Com a proximidade das eleições, a Justiça do Trabalho alerta para o crescente problema do assédio eleitoral no ambiente de trabalho, onde empregadores tentam influenciar o voto dos empregados. Essas práticas, como promessas de benefícios ou ameaças de demissão, visam restringir a liberdade de escolha dos eleitores.
O assédio eleitoral, ao utilizar a posição de poder para coagir ou pressionar trabalhadores a apoiar determinado candidato, é proibido por lei e pode resultar em consequências trabalhistas, eleitorais e até criminais. A Justiça reforça que ações contra empregadores podem envolver indenizações por danos morais.
Um caso notório aconteceu em Rio Verde (GO), onde uma indústria foi condenada por coação política durante as eleições de 2022. A empresa realizava reuniões para pressionar funcionários a votarem em um candidato específico. A Justiça determinou indenizações de R$ 1.000,00 para cada trabalhador afetado.
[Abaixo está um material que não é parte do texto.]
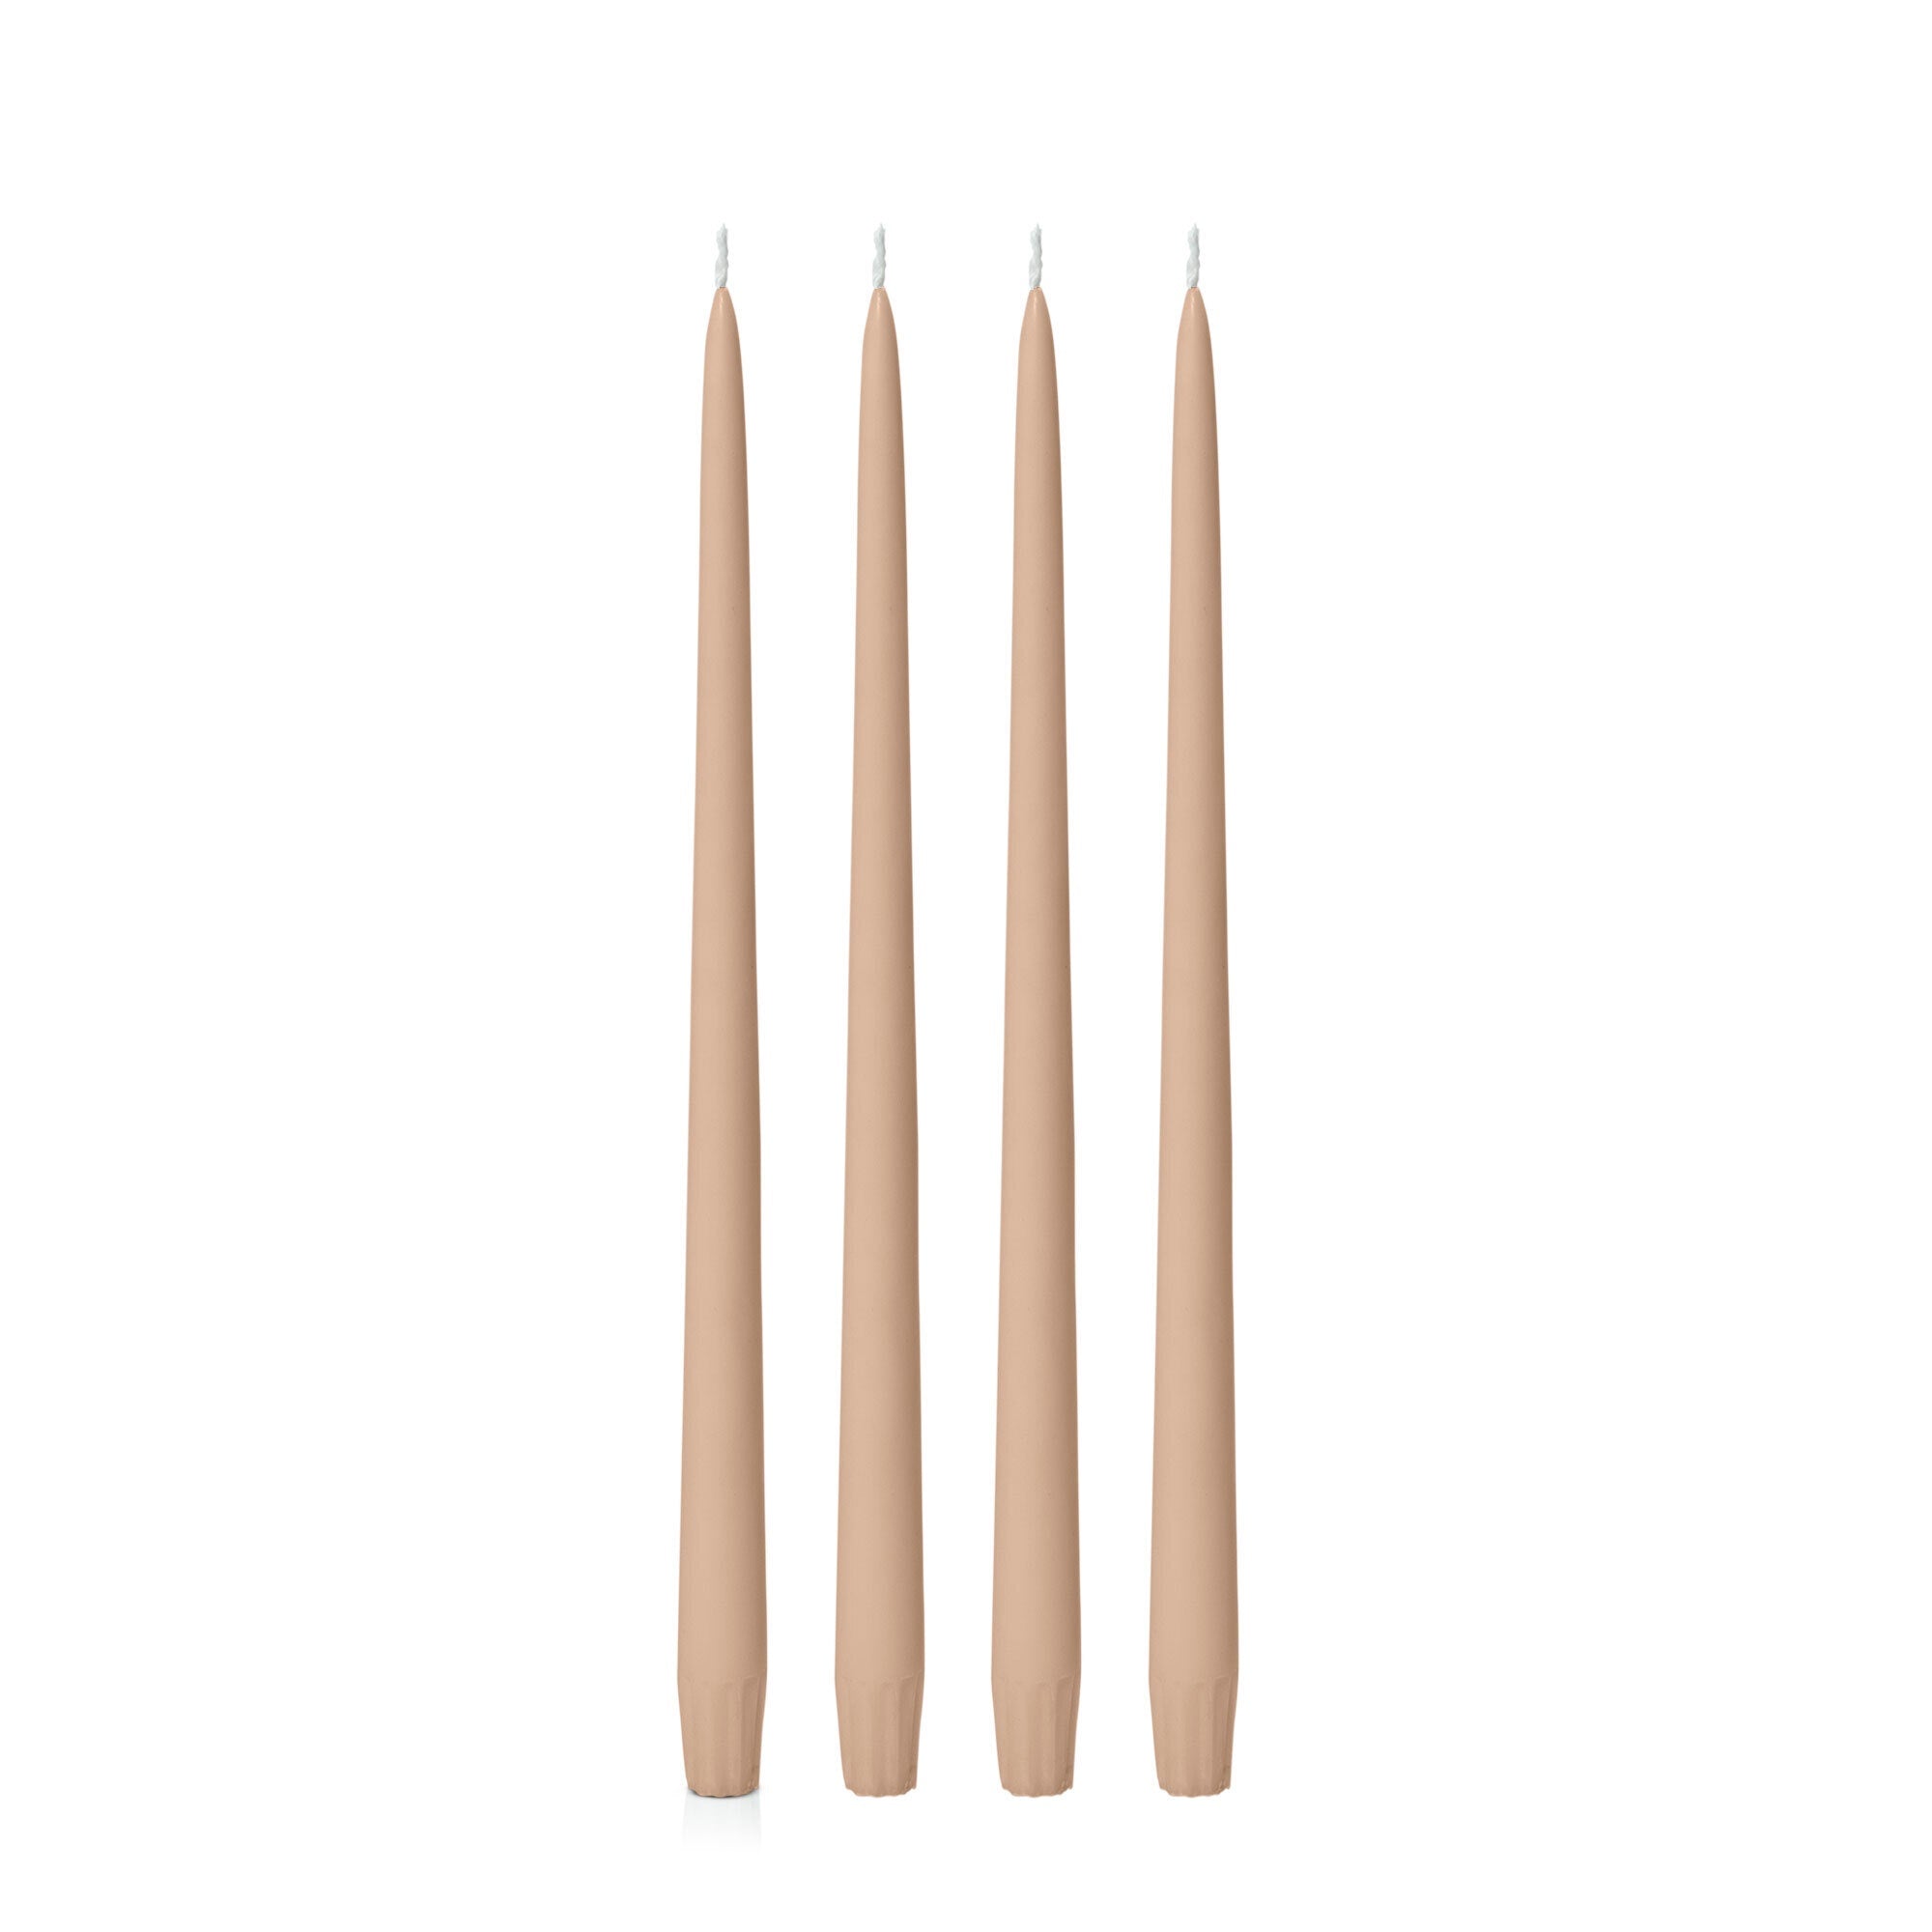 Tapered Candle 35cm, Latte, Pack of 4
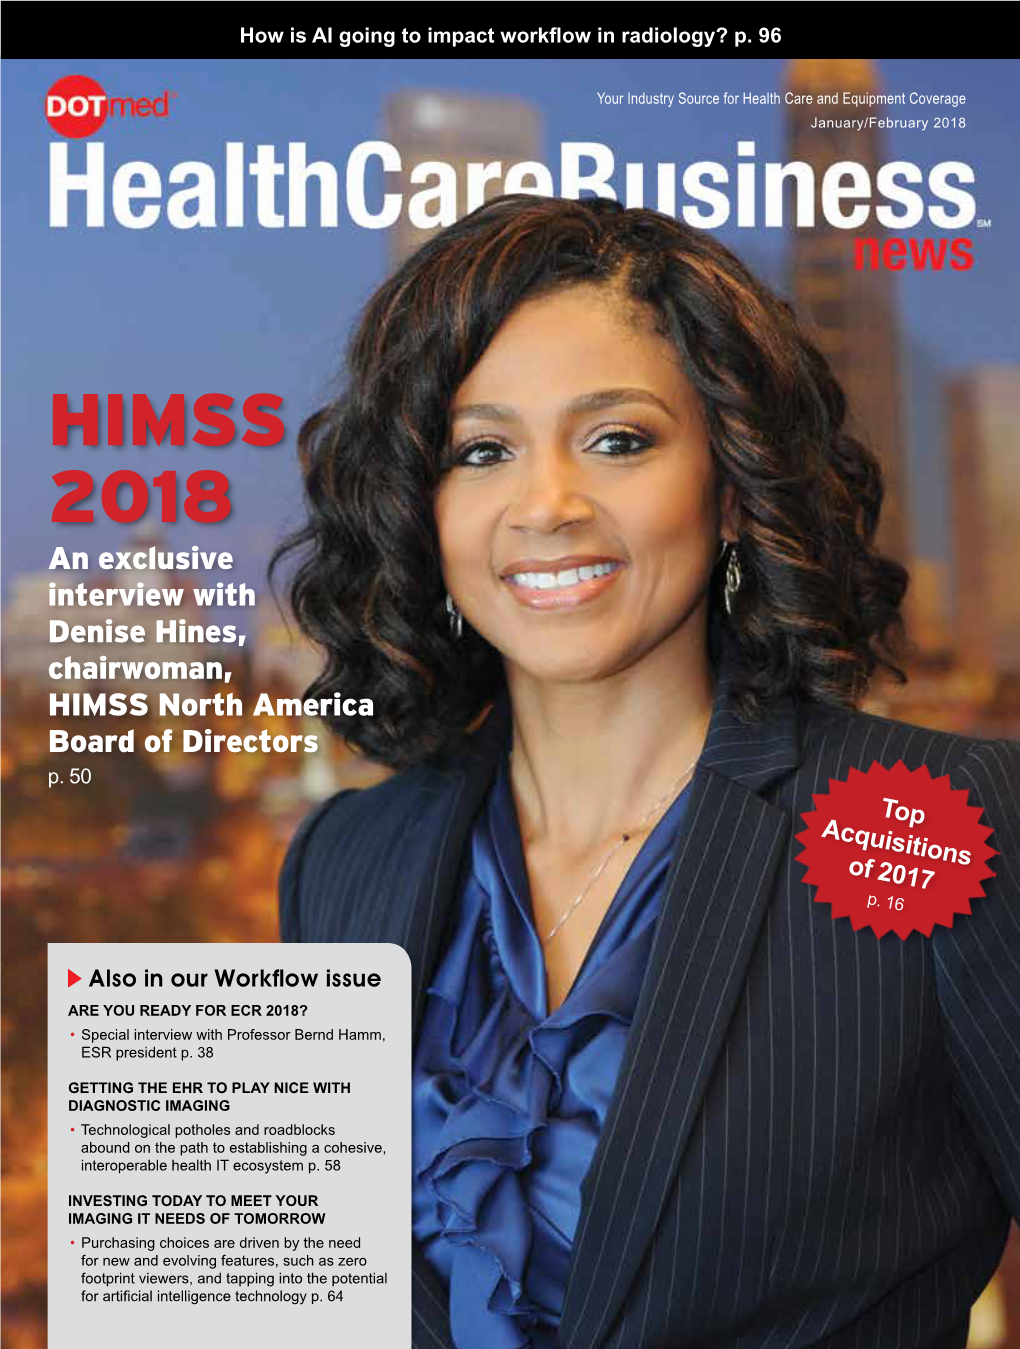 HIMSS 2018 an Exclusive Interview with Denise Hines, Chairwoman, HIMSS North America Board of Directors P

Em outro episódio, uma empresa de coaching em Vitória (ES) foi condenada após obrigar empregados a manifestar apoio ao então presidente. Uma vendedora, demitida por não revelar suas preferências políticas, recebeu indenização de R$ 8.000,00.
Identificar o assédio eleitoral pode ser desafiador, mas a Justiça encoraja a reunir provas como mensagens e depoimentos. Denúncias podem ser realizadas junto ao Tribunal Superior do Trabalho e ao Ministério Público do Trabalho.
Empregadores devem evitar práticas de assédio eleitoral, respeitando escolhas políticas sem usar o ambiente de trabalho para influenciar votos, garantindo assim um ambiente respeitoso e justo para todos.